Stevens baulked. Was this little bar steward speaking in some kind of gay code?
“I must say,” Dickon bustled about behind the bar. Stevens pointed at a beer pump labelled ‘Butch Bitter’. “You’m not quite what I was expecting but I’m sure underneath all that corduroy, you’ve got the legs for it.”
“Um...” Stevens thought about it, and thought about his thighs and calves. “Yes, there is quite a bit of legwork in this game. Although, I will admit a lot of the time, it’s just sitting in a car and watching.”
He’s rumbled me as a copper already, Stevens was dismayed! What vibes must I be giving off?

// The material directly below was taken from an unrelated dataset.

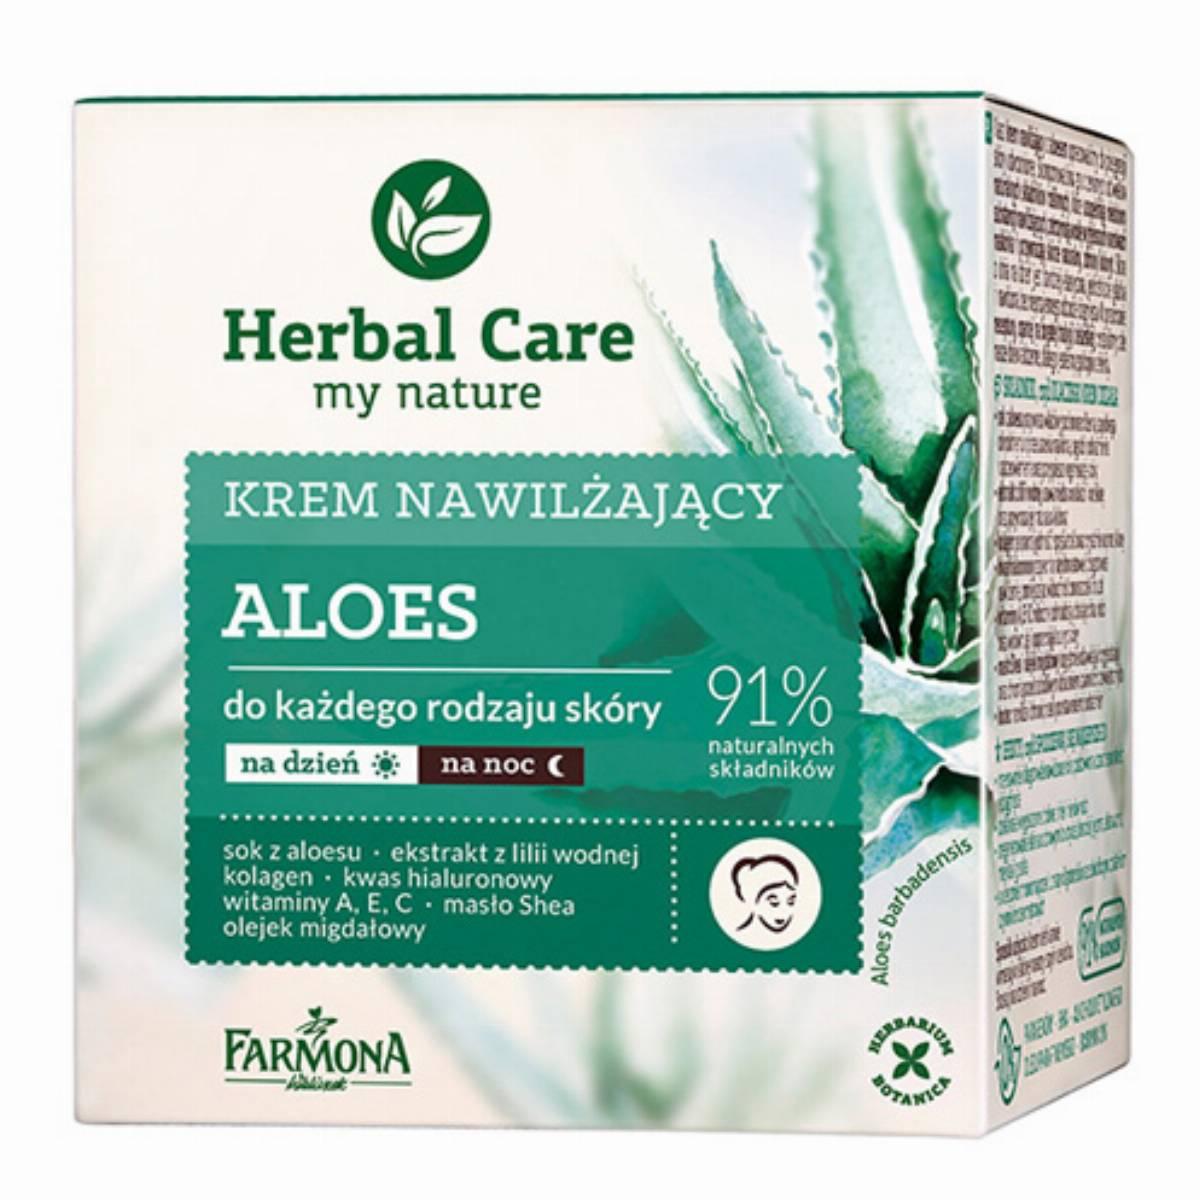 Farmona Herbal Care krem do twarzy - aloes box
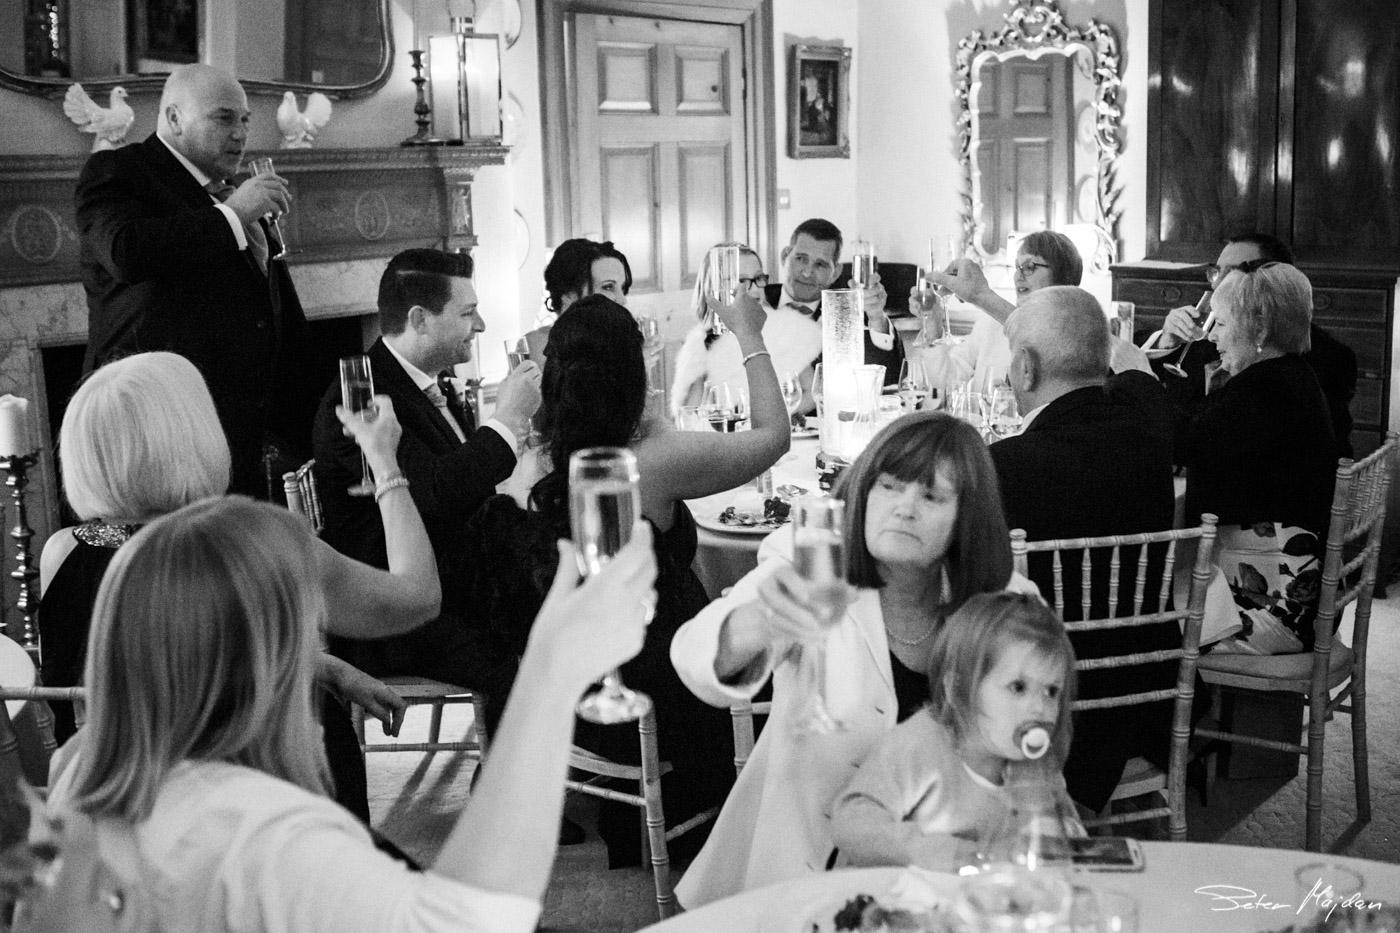 east-bridgford-hill-wedding-photography-56.jpg

“Oh, really?” said Dickon. “I hadn’t thought. Now, usually, I like to try the new ones out, get you up there and get you to give me a few minutes, but, tempus fuck it, as they say. You’ll have to go on untested.”
“Um...”
“Not a problem, is it? Can’t afford to have you shy of performing in front of a baying mob. Bit of a specialist interest, I should say, with the -” He gestured at Stevens’s upper lip.
“Ah...”
“You can come round the back.”
“Can I?”
“To get yourself sorted. Outfit in the car, is it?”
“Outfit...”
“Fuck me, what’s your stage name? Dolly Fucking Daydream? Your cozzie, love.”
“Oh, yes.” Stevens was still unclear but it was dawning on him that he wasn’t being called upon to perform a sexual act but a cabaret one. His instincts told him to go with the flow and try not to blow his cover- or anything else for that matter.
“I have to...um, fetch it,” he pointed at the exit. “It’s at the dry cleaner’s.”
“Sweaty bitch, are you?”
“Well, it’s the bright lights and shit, you know...” Stevens edged towards the door, smiled wanly and tore out of the pub.
Fragile creatures, your performers, Dickon mused. Always uncomfortable off-stage.
He unrolled a gaudy poster and stuck it to the wall.
Limited engagement, it proclaimed. One night only! The diva of drag!
TASHA THE FLASHA!
***
Keith opened his eyes. It made no difference: everything was still pitch black. He blinked to see if that would help his eyes adjust but the movement of his eyelids only made him aware of how difficult it was to perform so simple a task. His entire body was a dull ache, a low-level throb somewhere in the dark. He tried to focus on his other senses in order to learn what he could about his surroundings.